An increasing body of evidence indicates that the early insulin response following glucose ingestion plays a critical role in the maintenance of postprandial glucose homeostasis. The early surge in insulin concentration is capable of limiting the initial glucose excursion mainly through the prompt inhibition of endogenous glucose production, with the insulin mediated curtailment of glucagon secretion being particularly relevant.

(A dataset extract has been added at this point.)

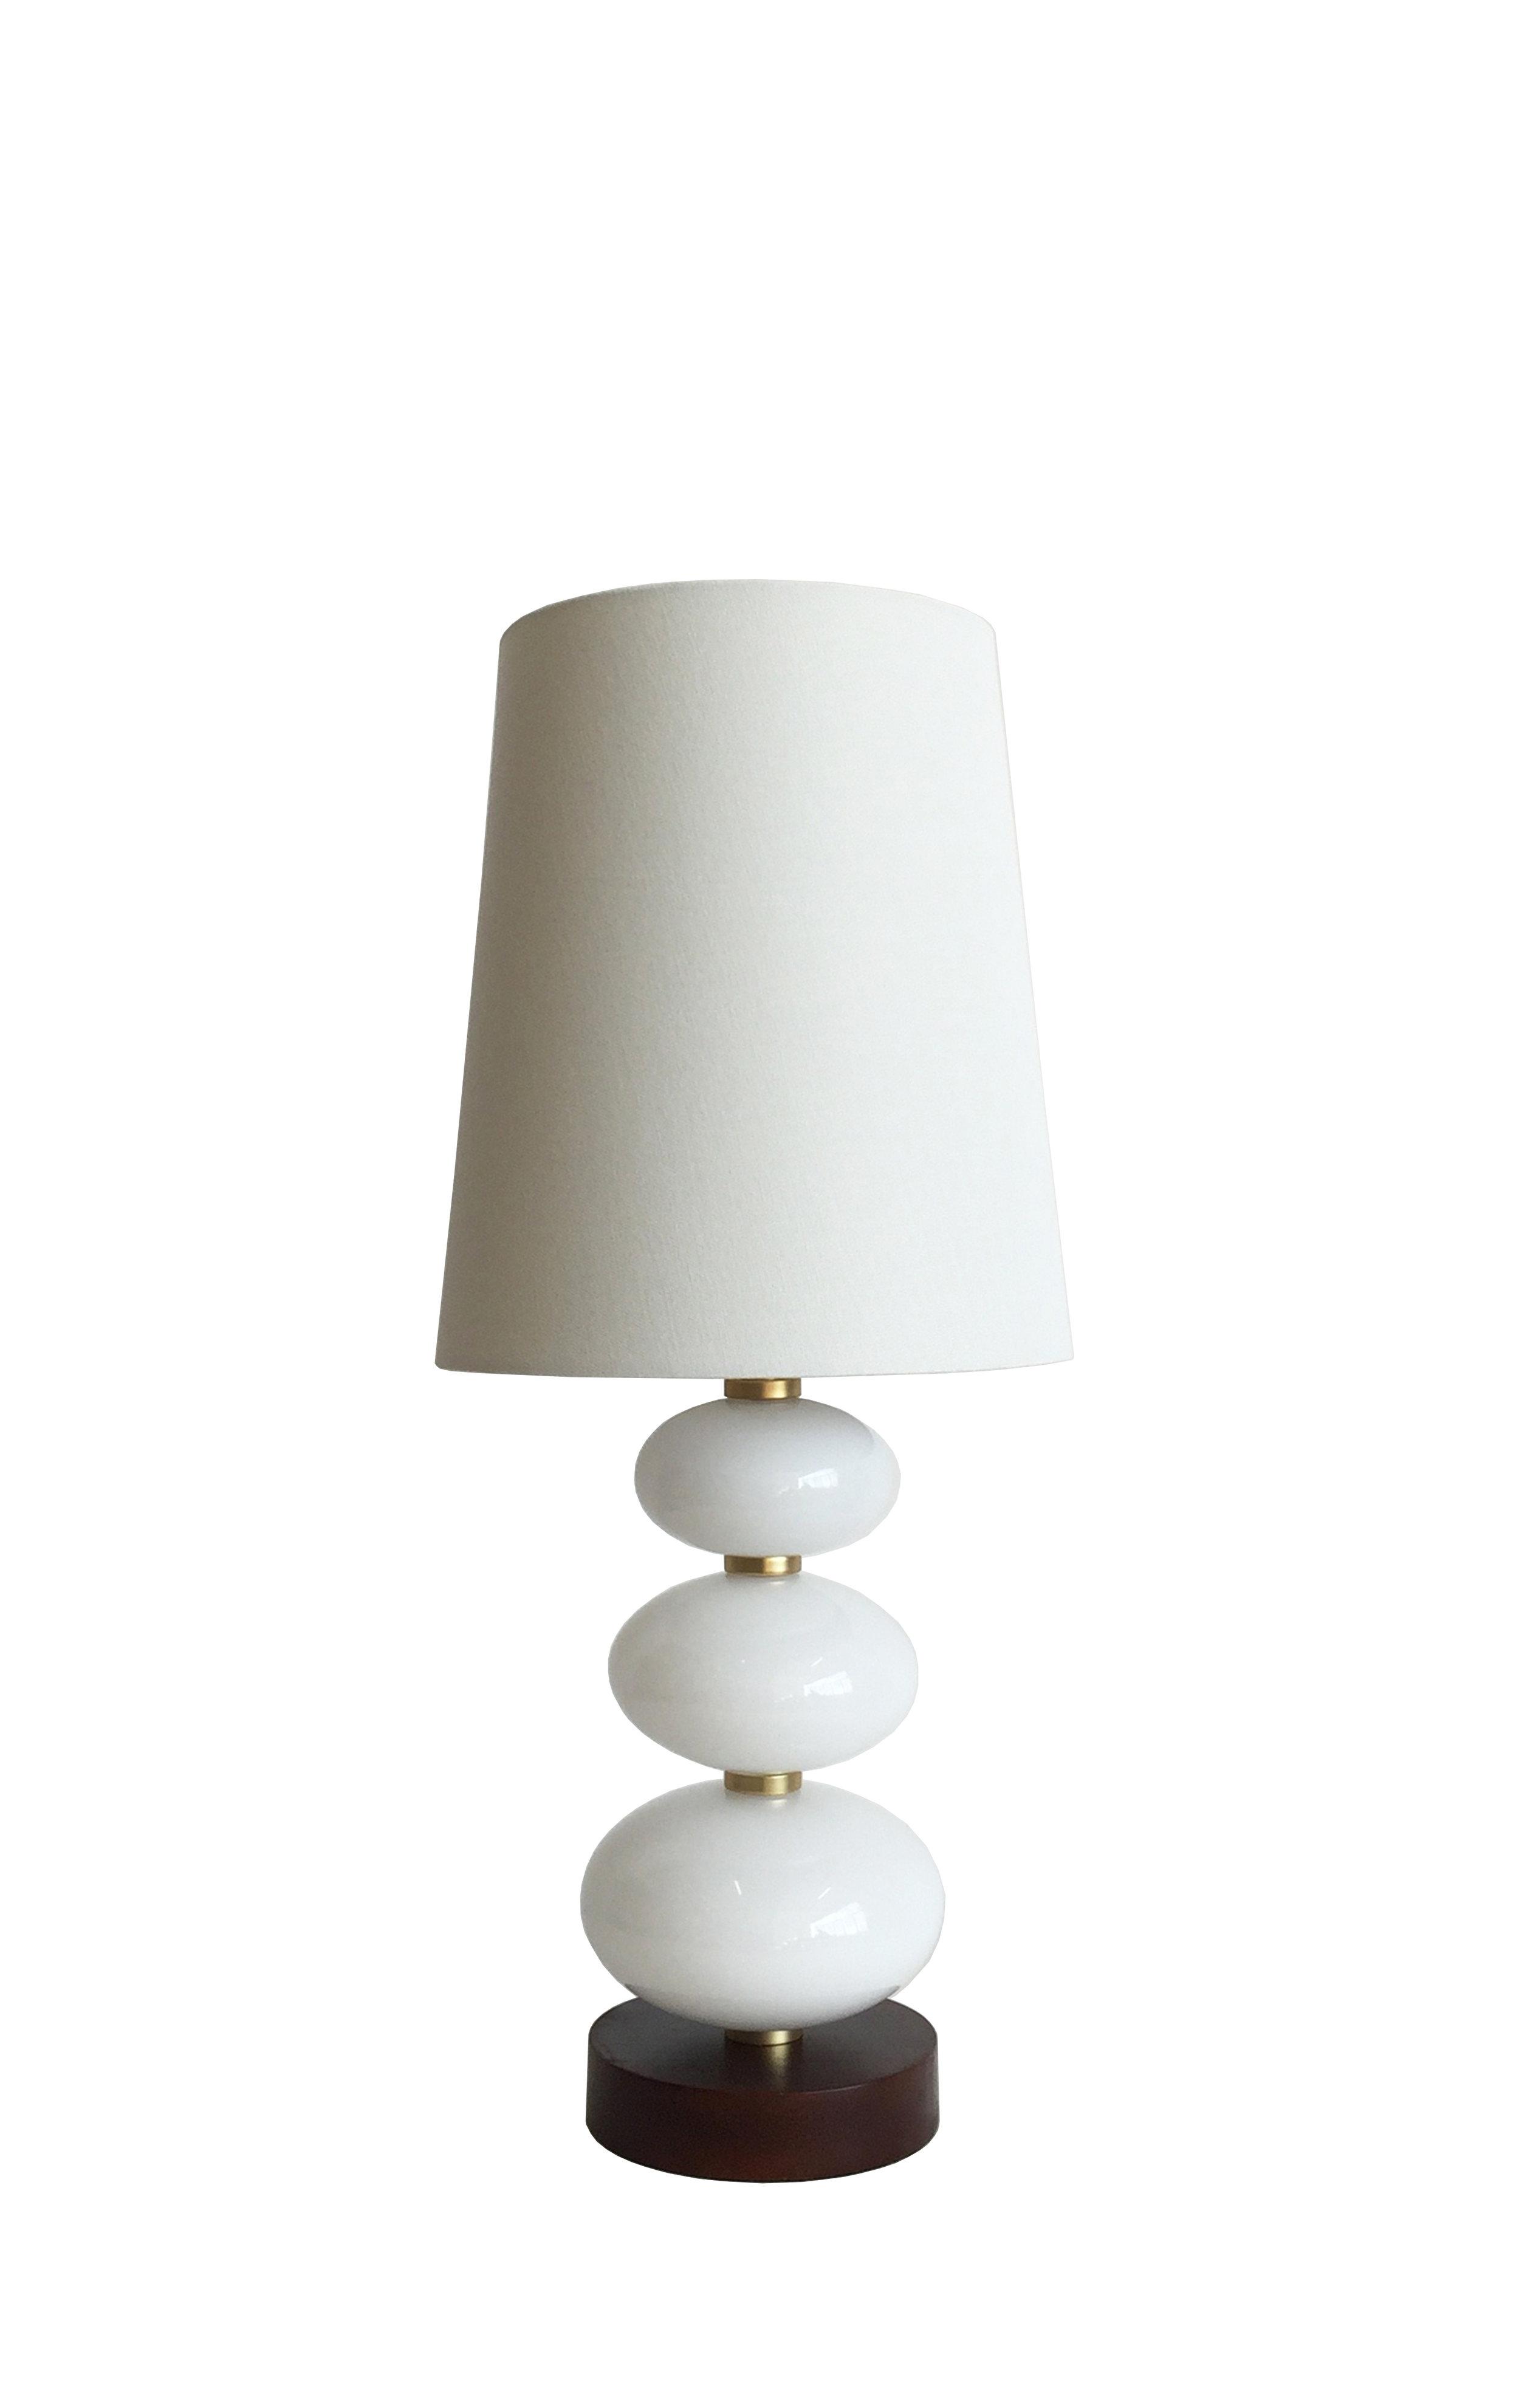 30003664_02_Patty-Table-Lamp.jpg

Lastly, let's talk a bit about fatty acids. About a year ago I discussed this paper regarding how chronic exposure of beta cells to fatty acids (I use the acronym NEFA) essentially depletes the insulin content and/or production capability of the cells. The bottom line of that paper was while NEFA are involved in GSIS and contribute to this acute insulin secretion, they are also responsible for basal insulin release. Glucose stimulates both insulin secretion and transcription of proinsulin from which more insulin can be made, while NEFA stimulate secretion but not the refilling of the well. From the paper:

If this is so, the insulin content of the β-cell cannot be rapidly replenished after acute stimulation of insulin release by FFA. Under normal circumstances, only a small proportion of the β-cell’s insulin intracellular store is released after an acute stimulation by a secretagogue, so that short-term FFA-induced insulin release would have little adverse effect on the β-cell’s secretory capacity. However, chronic exposure to FFA could severely deplete the internal insulin stores since there is apparently no biosynthetic backup to compensate for FFA-induced insulin hypersecretion.

This may be one reason why low carb diets don't appear to improve insulin secretion similarly to interventions like the "crash diet".   I blogged about this study a while back demonstrating that NEFA release from adipocytes is not appropriately suppressed with a low carb diet.

In summary, while this is by no means comprehensive, I'd like to revisit in the near future, the dietary causes, if any, and the scientific evidence of same, in the development and/or progression of type 2 diabetes and wanted to publish this up as background.